Spatially Informative Visualization
As sensors, chips and many devices have become cheap to mass-produce over the last decades, we find intelligent systems everywhere. Quite likely, you have a smart phone, which has gone far beyond a device to call with. It is fitted with all kinds of sensors, such as a camera and GPS. It can register data coming from these sensors to form a data. For example, using GPS and its clock, you can track where you have gone on your tourist trip in London! Using this data, you can find out precisely how long you have been in each of the London’s boroughs.
| Borough | Time |
| Barking and Dagenham | 1 |
| Barnet | 3 |
| Bexley | 0 |
| Brent | 1 |
| Bromley | 3 |
| Camden | 5 |
| City of London | 0 |
| Croydon | 2 |
| Borough | Time |
| Ealing | 0 |
| Enfield | 0 |
| Greenwich | 7 |
| Hackney | 6 |
| Hammersmith and Fulham | 0 |
| Haringey | 3 |
| Harrow | 1 |
| Havering | 0 |
| Borough | Time |
| Hillingdon | 0 |
| Hounslow | 0 |
| Islington | 2 |
| Kensington and Chelsea | 8 |
| Kingston upon Thames | 1 |
| Lambeth | 3 |
| Lewisham | 2 |
| Merton | 1 |
| Borough | Time |
| Newham | 4 |
| Redbridge | 2 |
| Richmond upon Thames | 0 |
| Southwark | 6 |
| Sutton | 1 |
| Tower Hamlets | 7 |
| Waltham Forest | 3 |
| Wandsworth | 3 |
| Westminster | 8 |
Now, you still have a day left and you’re planning your tour for tomorrow. You want to go to the boroughs you haven’t been much to yet, but you also don’t want to waste your time sitting in the tube. So, rather than looking at the table, you may want to look at a map instead. In the example below, we colour each borough, such that boroughs we haven’t been to yet, are coloured light blue, whereas boroughs where we have spent more time are coloured dark blue. This is called a choropleth map.

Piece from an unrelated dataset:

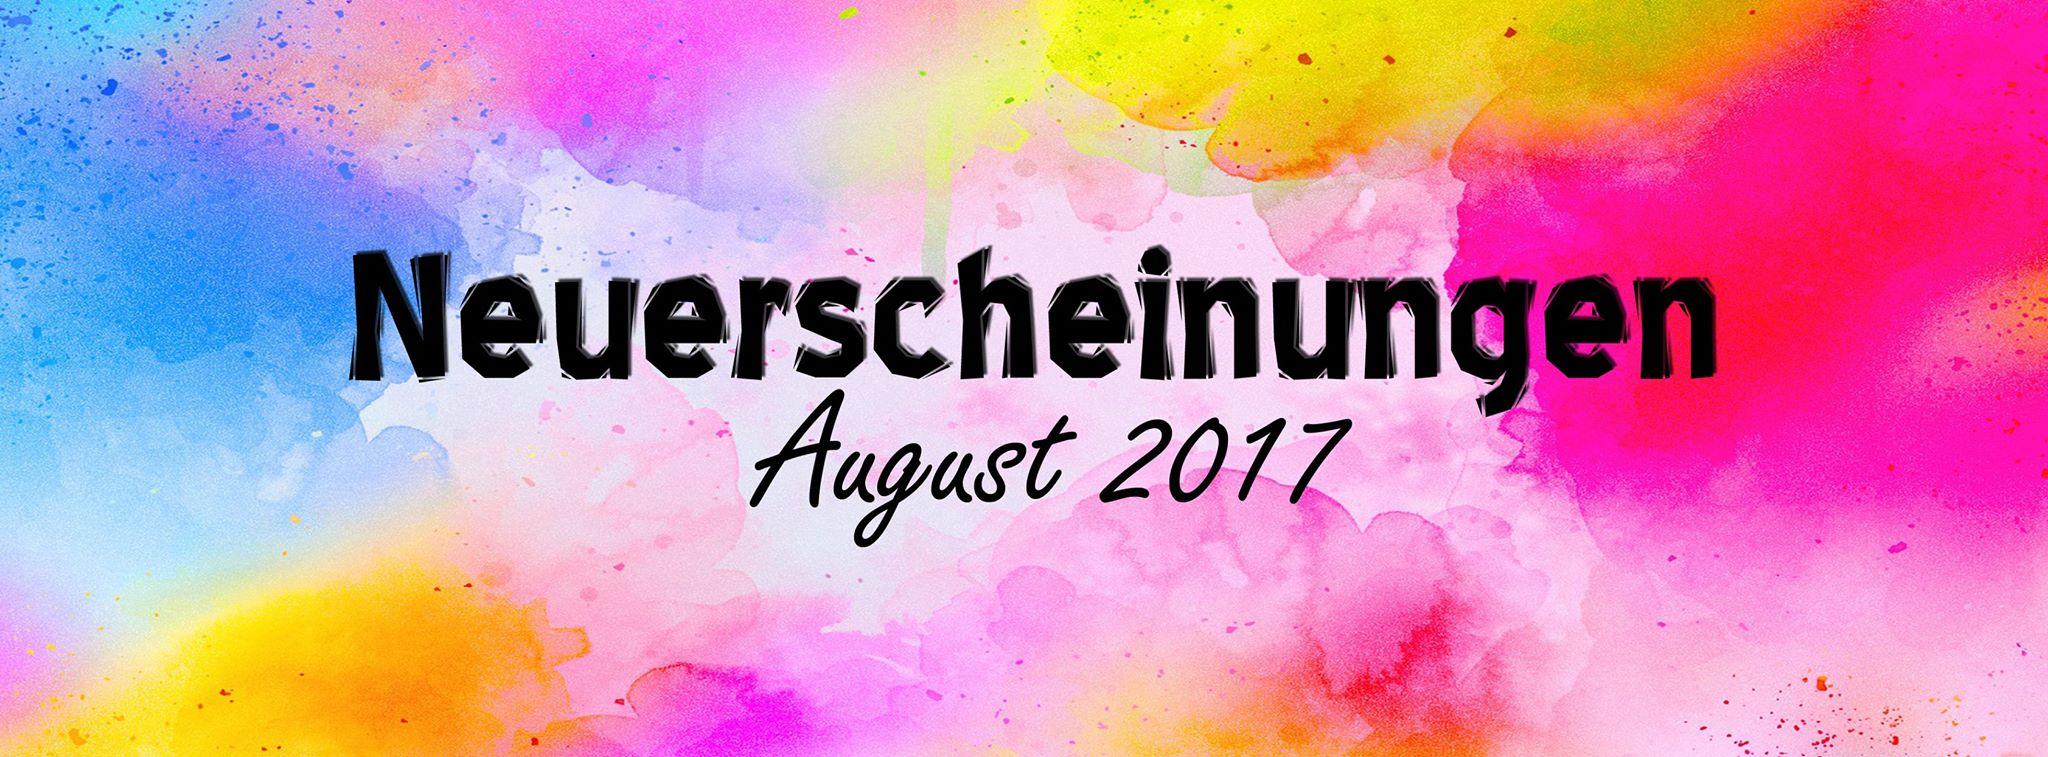 Neuerscheinungen August 2017

The problem with such a map is that it emphasizes large boroughs, and takes away your attention from the smaller boroughs. So, rather than using the actual borough boundaries, let’s represent each region using a simple square instead. We then stack these squares to make a so-called grid map, ensuring that nearby regions remain close in this very schematic map. And rather than relying on color to encode value (how much time difference is there between two different shades of blue?), we can now very easily encode the data by partially filling the square. We could even show much more complicated data in these simple containers.
This grid map isn’t 100% accurate in terms of geography, but it shows you enough to make an informed decision about a spatial question. We call such visualizations spatially informative. The ALGOVIS project is about algorithms—methods that computers use to compute—to automatically make such spatially informative visualizations.